:: DATASET SECTION ::

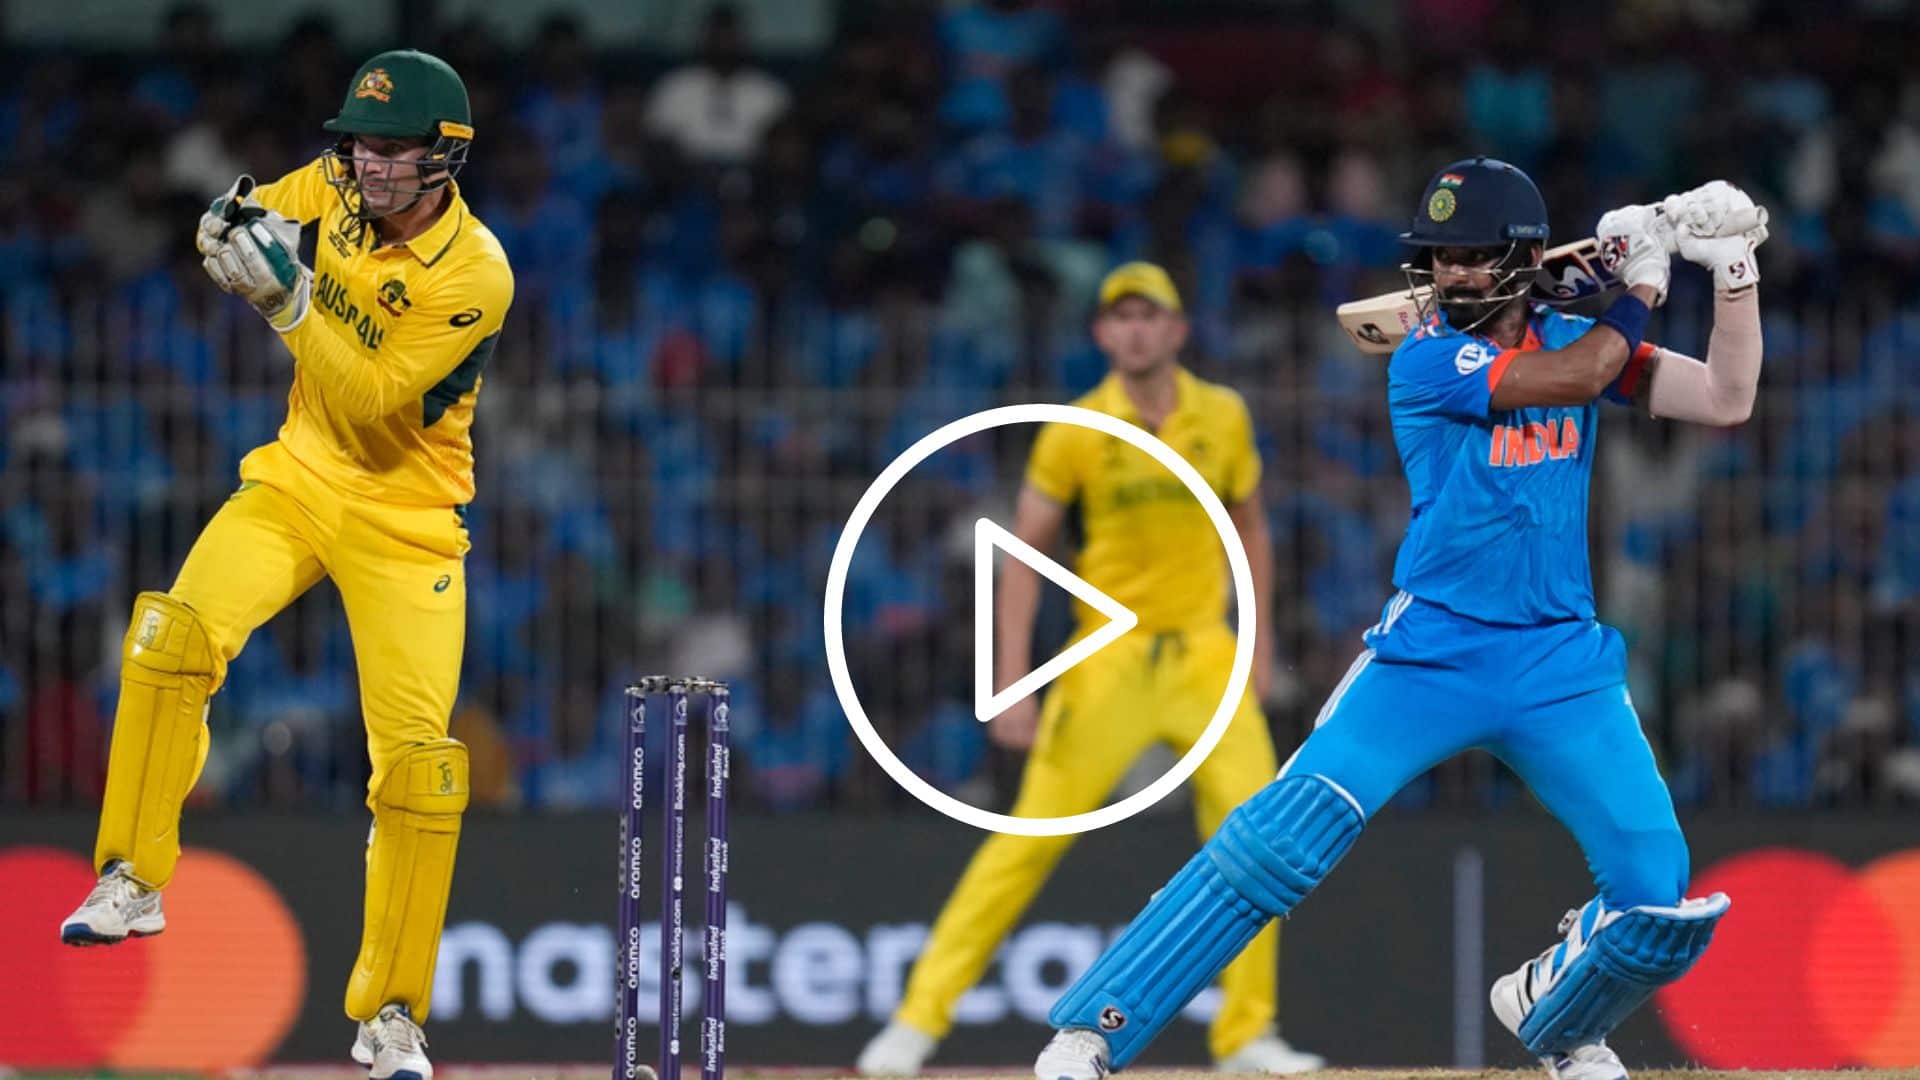 [Watch] KL Rahul Delivers Classy Fifty Under Pressure Against A Rampant Aussie Attack
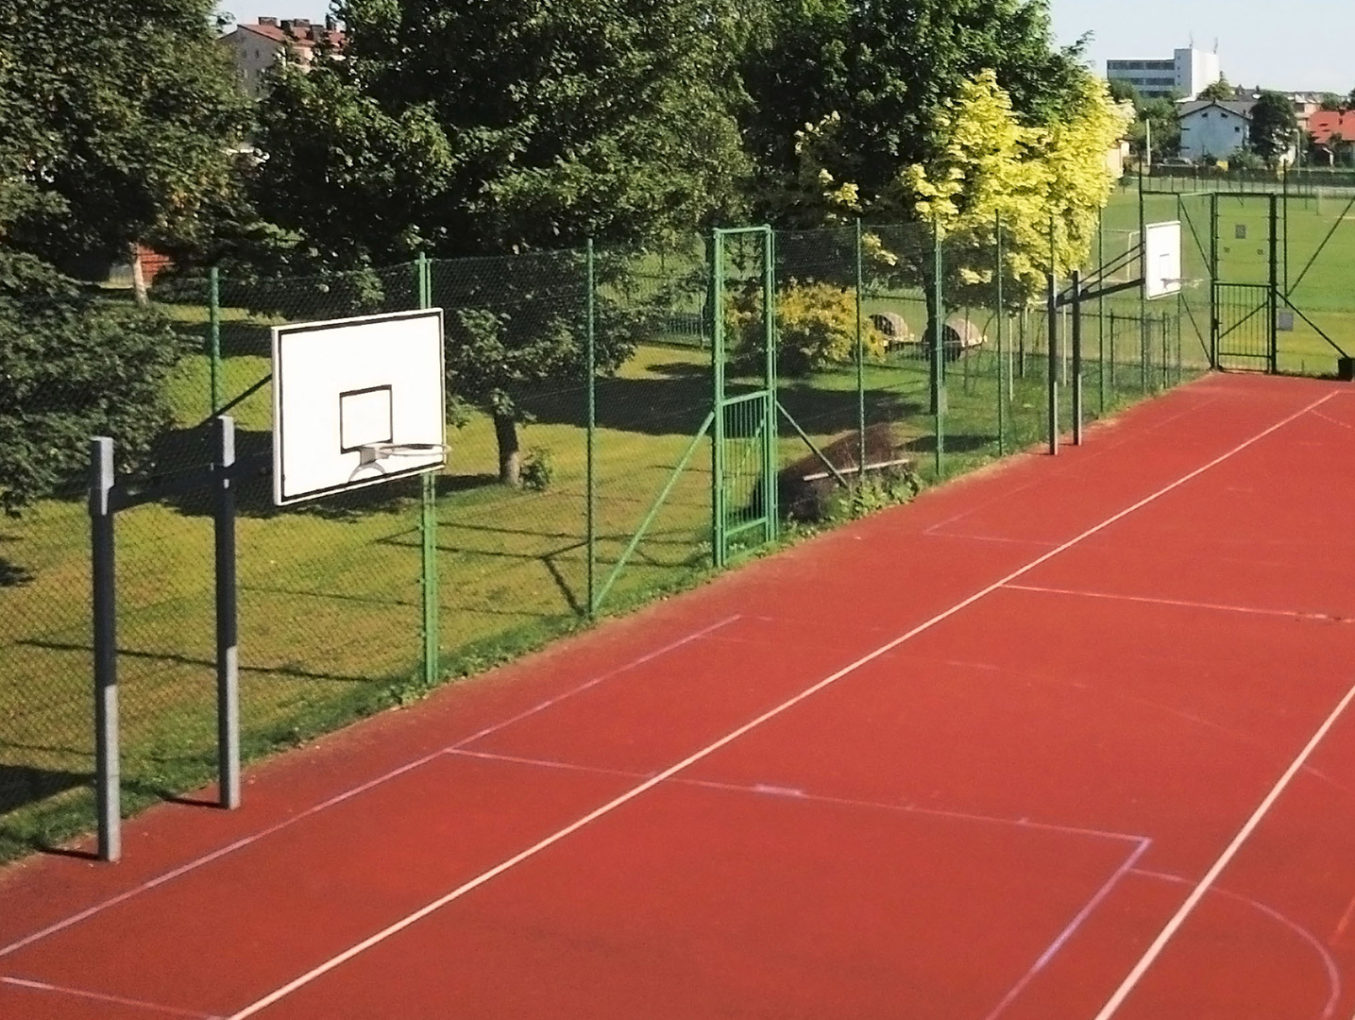 Fence supply and install for basketball courts Brisbane
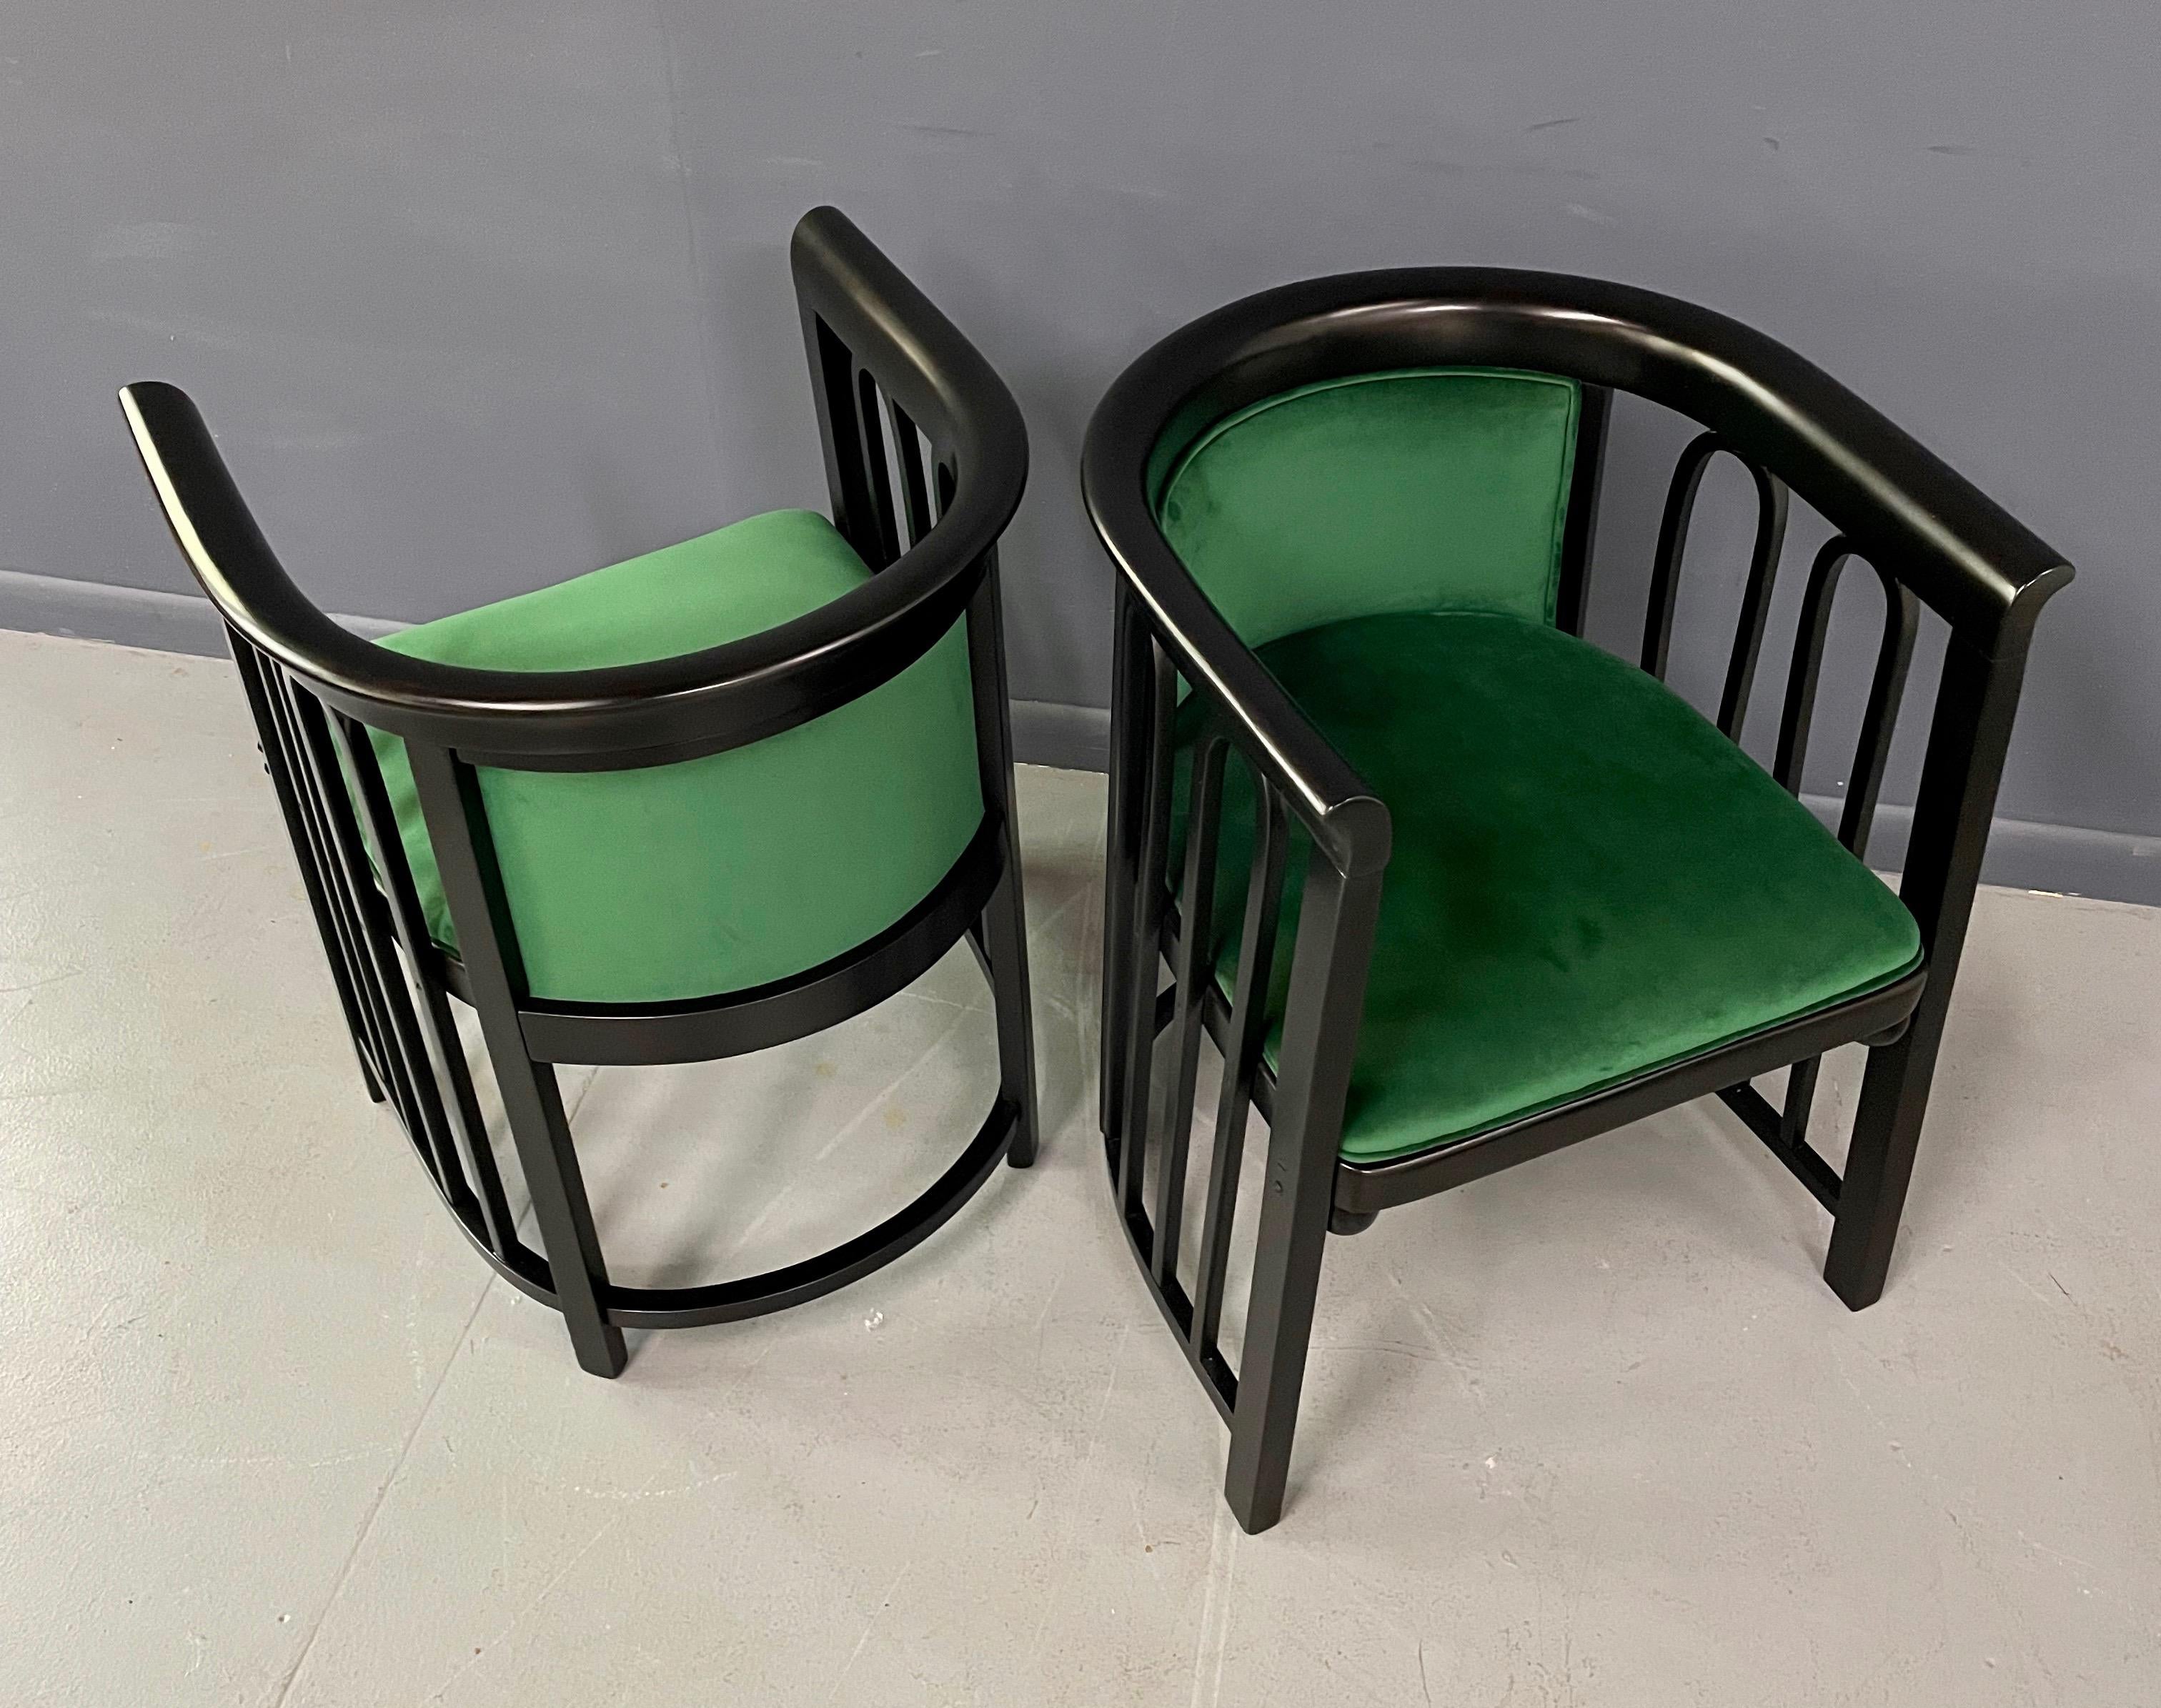 Josef Hoffman Pair of Secessionist Bentwood Barrel Back Arm Chairs for J&J Kohn In Good Condition For Sale In Philadelphia, PA

:::

# WHAT TO WORK ON:
Word for word, return the material above; the pictures stay out.

# WRITTEN SOLUTION:
 [Watch] KL Rahul Delivers Classy Fifty Under Pressure Against A Rampant Aussie Attack
 Fence supply and install for basketball courts Brisbane
 Josef Hoffman Pair of Secessionist Bentwood Barrel Back Arm Chairs for J&J Kohn In Good Condition For Sale In Philadelphia, PA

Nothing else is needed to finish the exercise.